There has to be more to the story. If agents were the pointless drain on the game that certain pundits claim, the professional game would have cottoned on long since and cut them loose. As it is, Manchester United spent £32.2m on agents fees in the last financial year. And the number of FIFA- registered agents in the UK has rocketed from 70 to over 300 in the last seven years.
Robert Stoker, intellectual property partner at Manchester law firm Ricksons, says a lot of good work goes unnoticed. "Do agents justify their fees? A lot of them do," he says. "You have to be aware that some of the clients take an awful lot of looking after. That's where a good agent comes into their own."
Barnett says that no effort is made to distinguish between givers and takers. "The main issue is people don't take the trouble to differentiate between those who look after players and those who don't," he says. "We look after our players, they have proper advice on wealth management and legal issues. We look after phone and electricity bills if needed. We have 40 people in contact every day with our players."

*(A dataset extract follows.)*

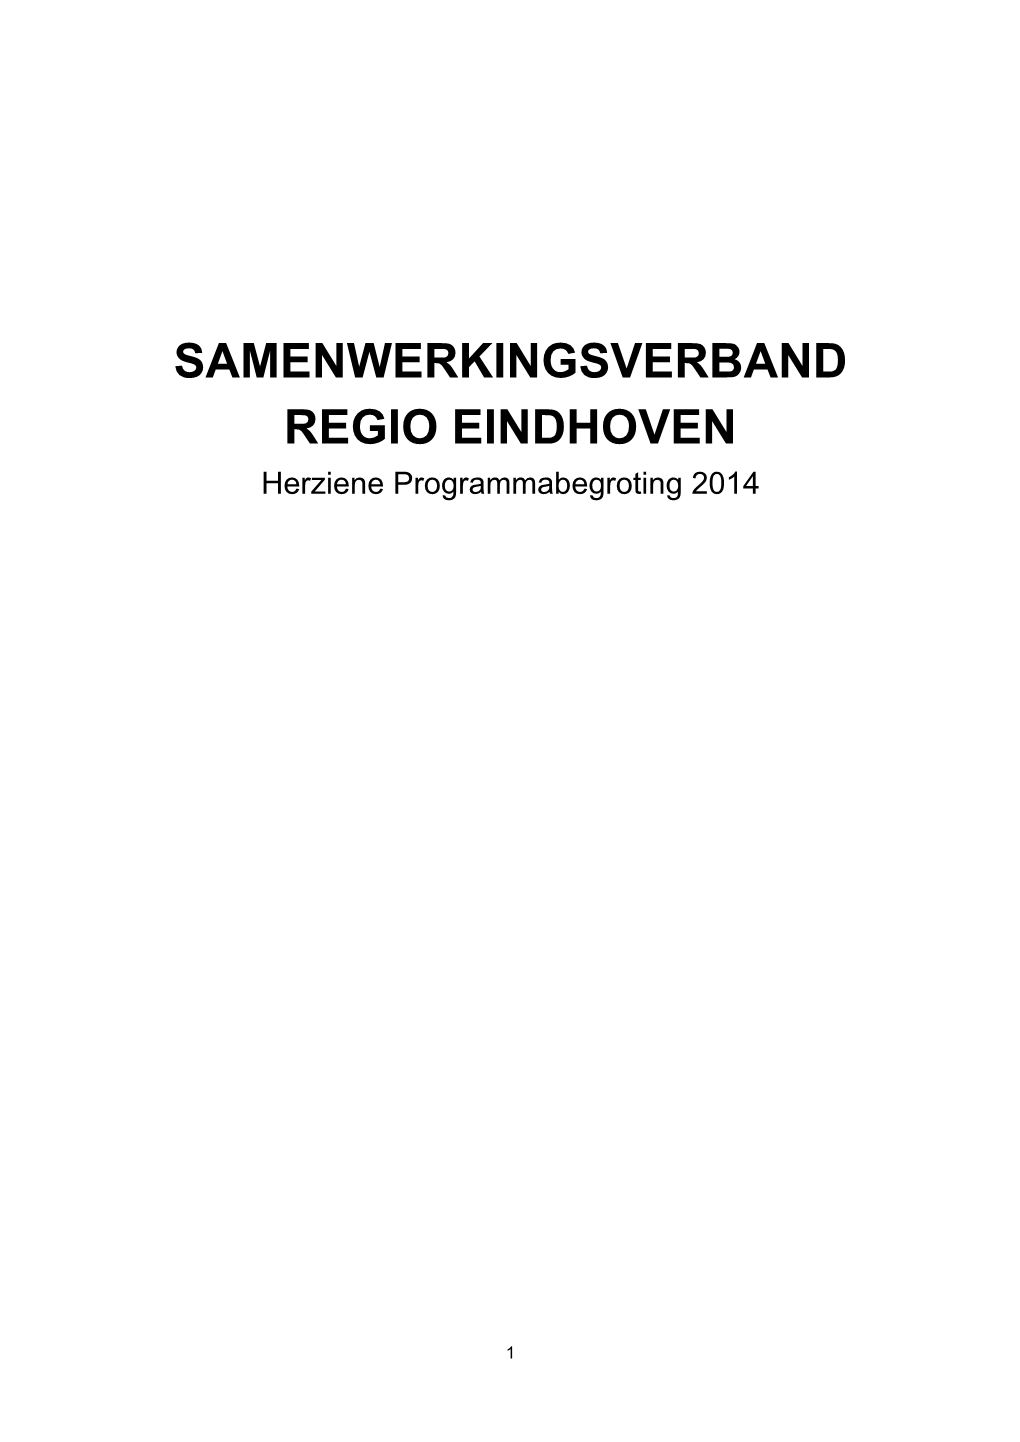 SAMENWERKINGSVERBAND REGIO EINDHOVEN Herziene Programmabegroting 2014

Tabloid scare stories are all about keeping it simple, and Barnett reckons that's part of the problem in perceptions of agents. "It's like journalism or any business - one guy does politics, another guy does sports. Different agents do different things," he says. "There are guys out there running round doing deals who don't act for players and don't have the long-term interest of any player in mind, but agents generally are an easy target."
He also feels a lot of the negative publicity is down to clubs. "Why do clubs sign players and train them from the age of ten? It's not because of a social conscience or to keep them off the streets, it's because it's the cheapest way to get players," he says.
"When they discard them it's obvious that the lovey-dovey stuff about being close to players is complete rubbish. None of them ring to ask after them once they've left. Our job is to look after our players. We're not good Samaritans - we make a very good living - but we don't do a deal and run away."
Fintan Drury, chief executive of Platinum One, an Irish sports management and representation business with a Manchester office. He believes the problems run deep.
"Professional football is corrupt in lots of different ways and at some point agents have to stop blaming clubs and clubs stop blaming agents. It's got to come from within - Mike Newell has helped because he's created debate."